About this exercise: The lines to copy run from the one containing "The Adidas Sprintstar" to the end of the listing. Please write them out exactly, minus the pictures.

Stored data:
※

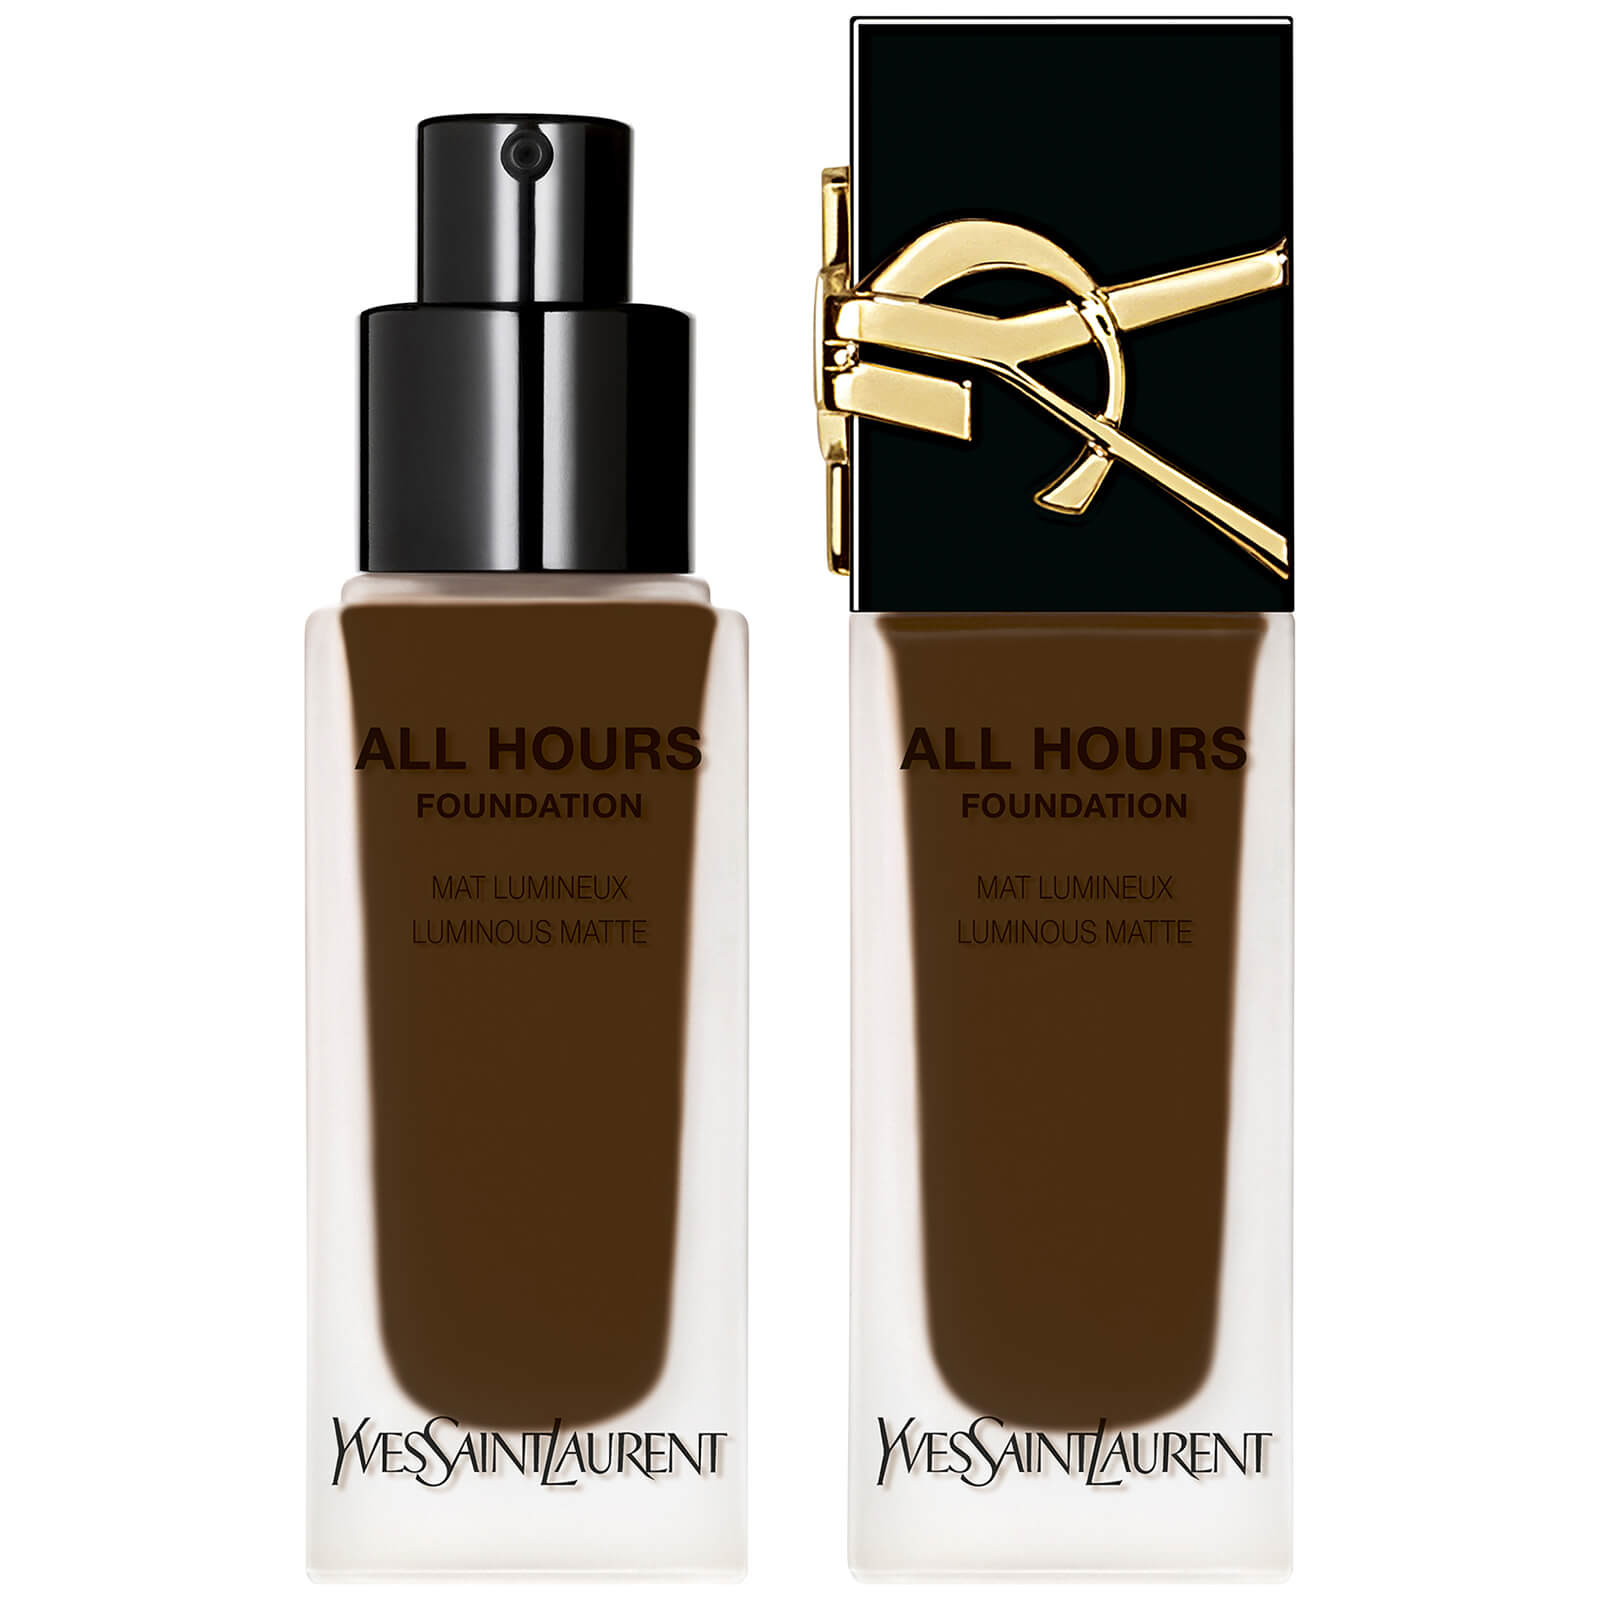 Yves Saint Laurent All Hours Luminous Matte Foundation with SPF 39 25ml (Various Shades) - DC9
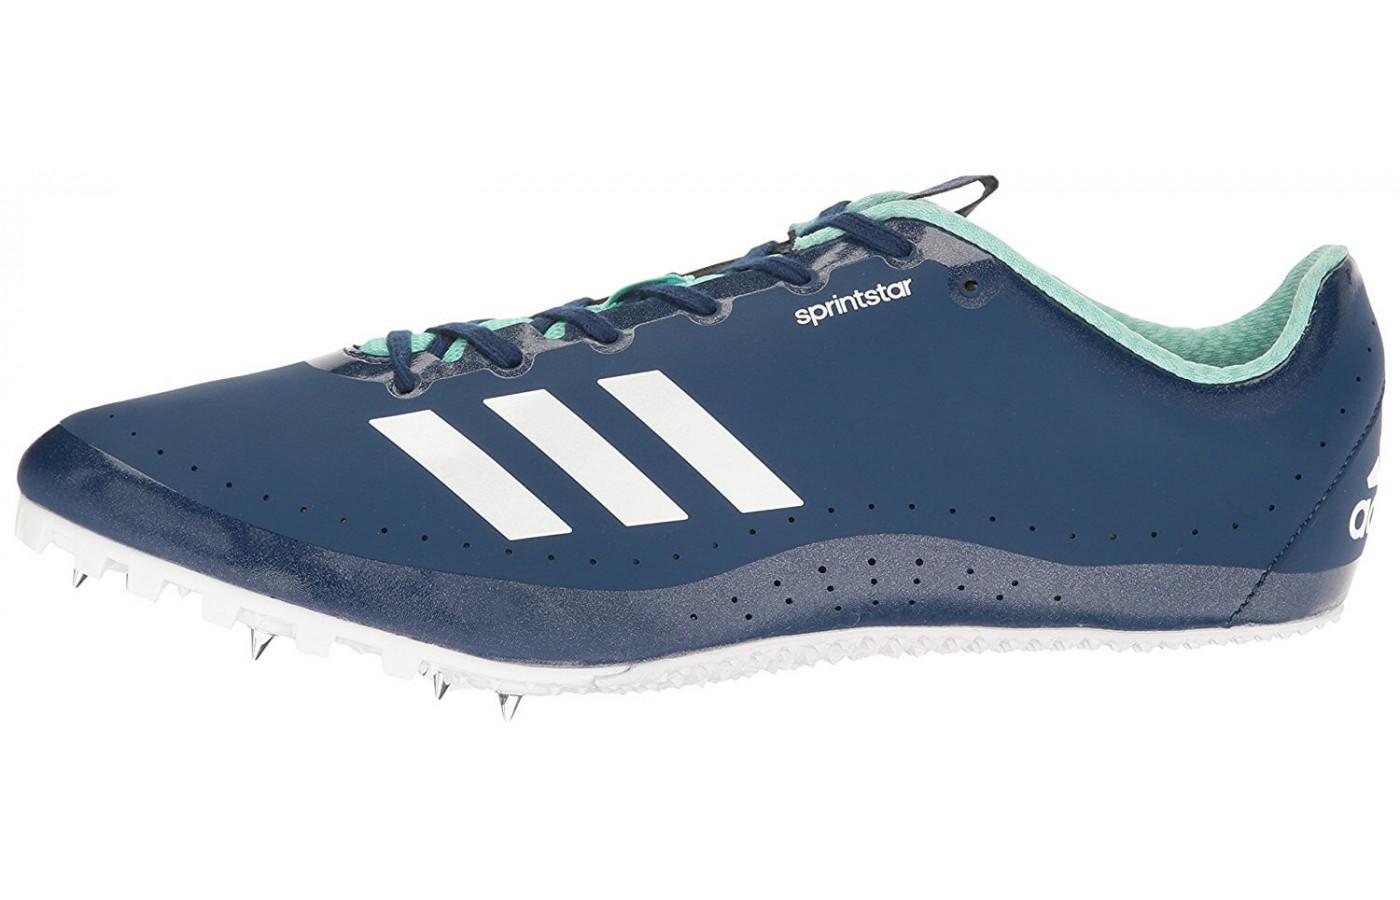 The Adidas Sprintstar is designed for racing up to 400 meters
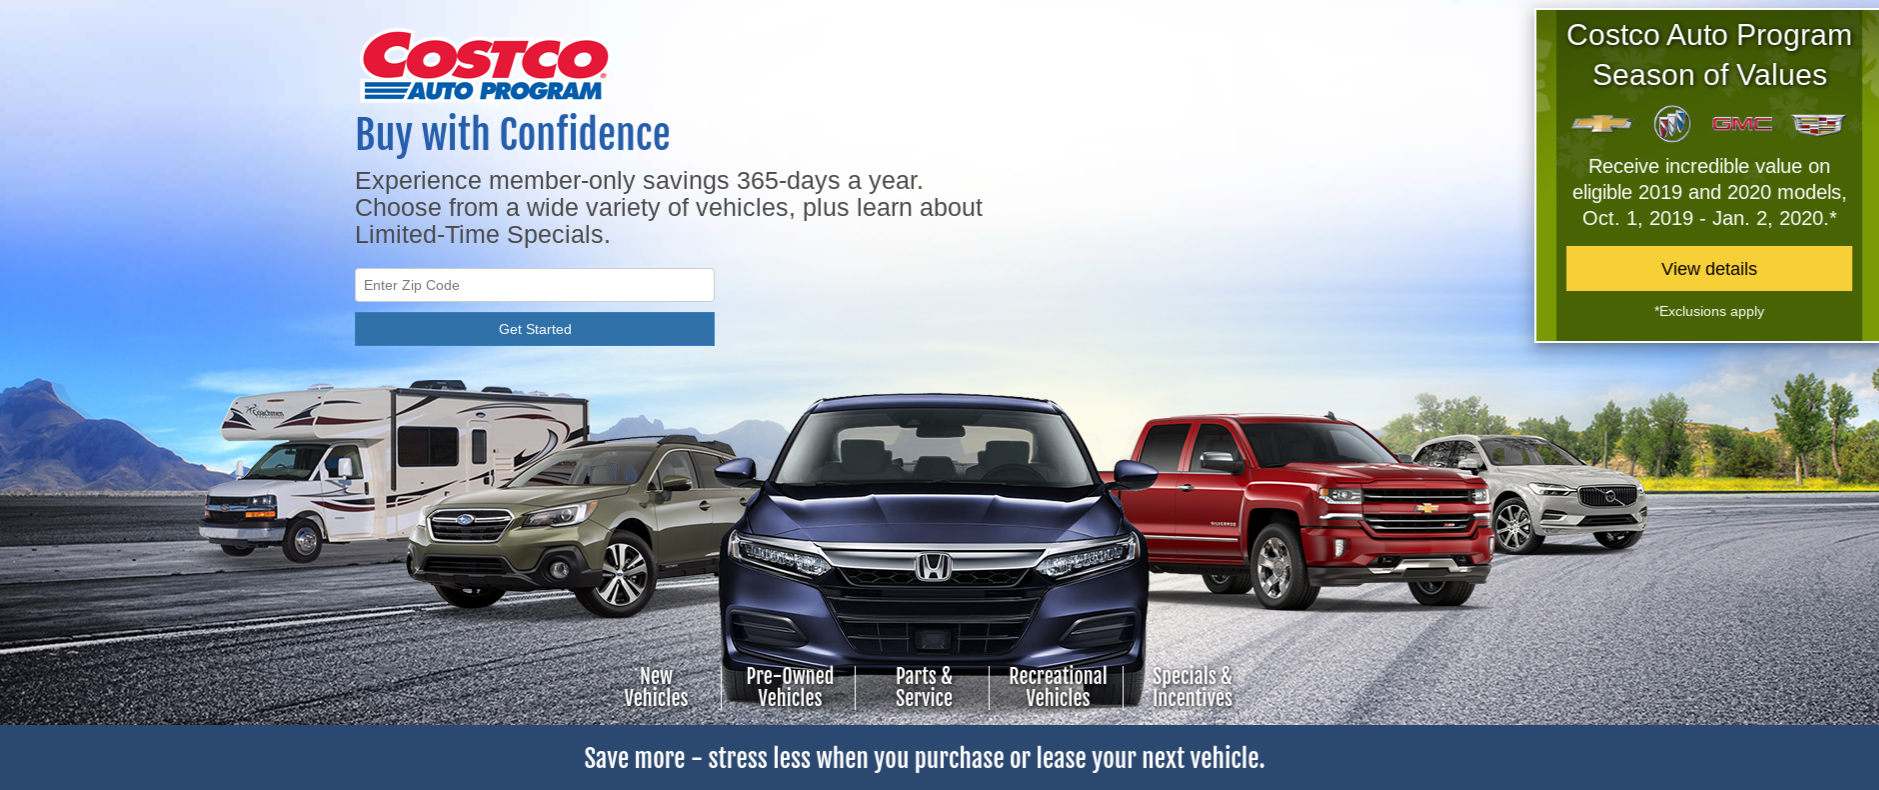 Costco Kicks Off Season of Values With Great GM Vehicle Deals The
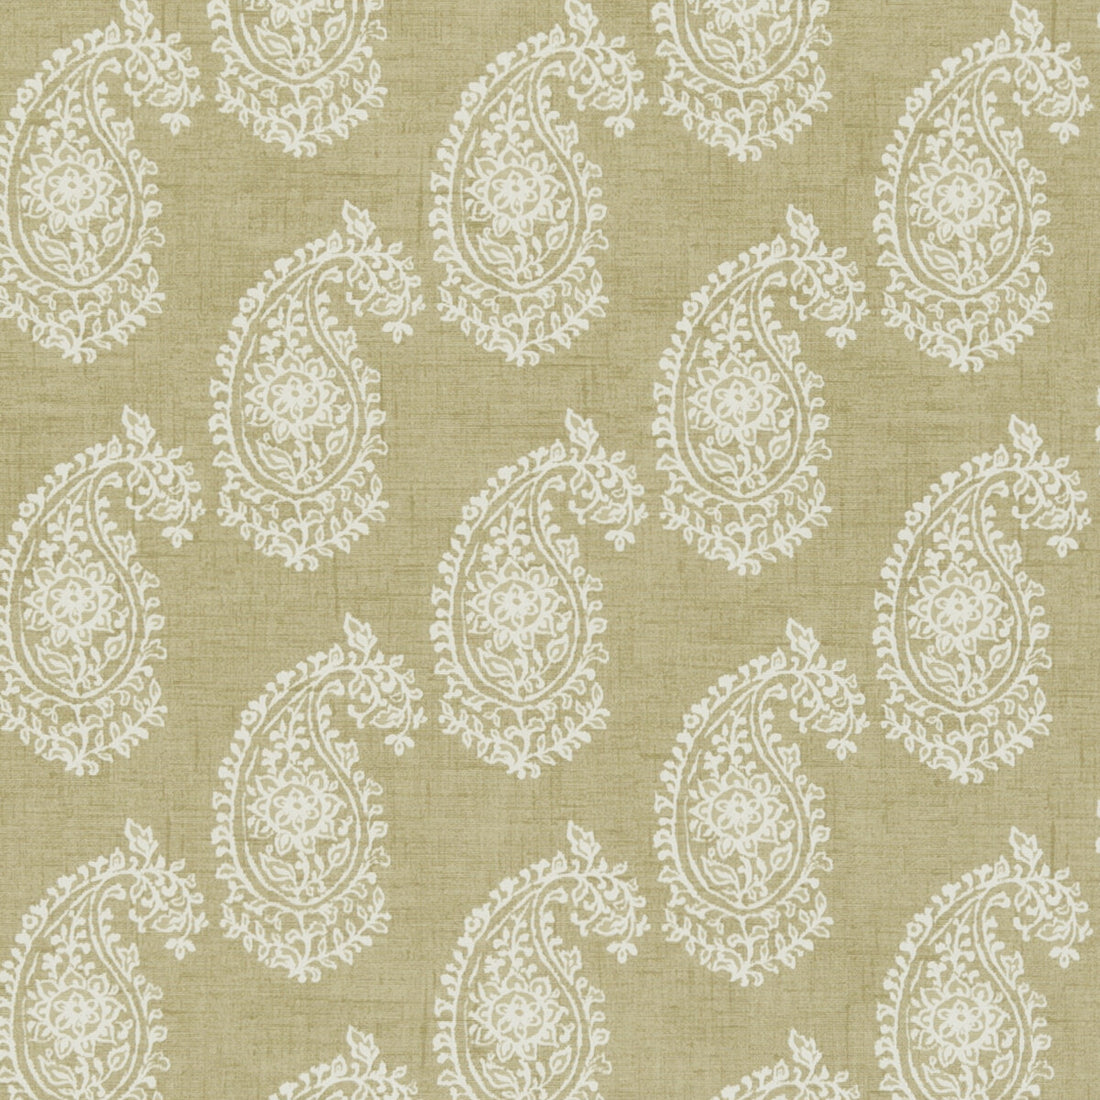 Harriet fabric in sage color - pattern F0623/05.CAC.0 - by Clarke And Clarke in the Genevieve By Studio G For C&amp;C collection

※

Result:
 The Adidas Sprintstar is designed for racing up to 400 meters
 Costco Kicks Off Season of Values With Great GM Vehicle Deals The
 Harriet fabric in sage color - pattern F0623/05.CAC.0 - by Clarke And Clarke in the Genevieve By Studio G For C&amp;C collection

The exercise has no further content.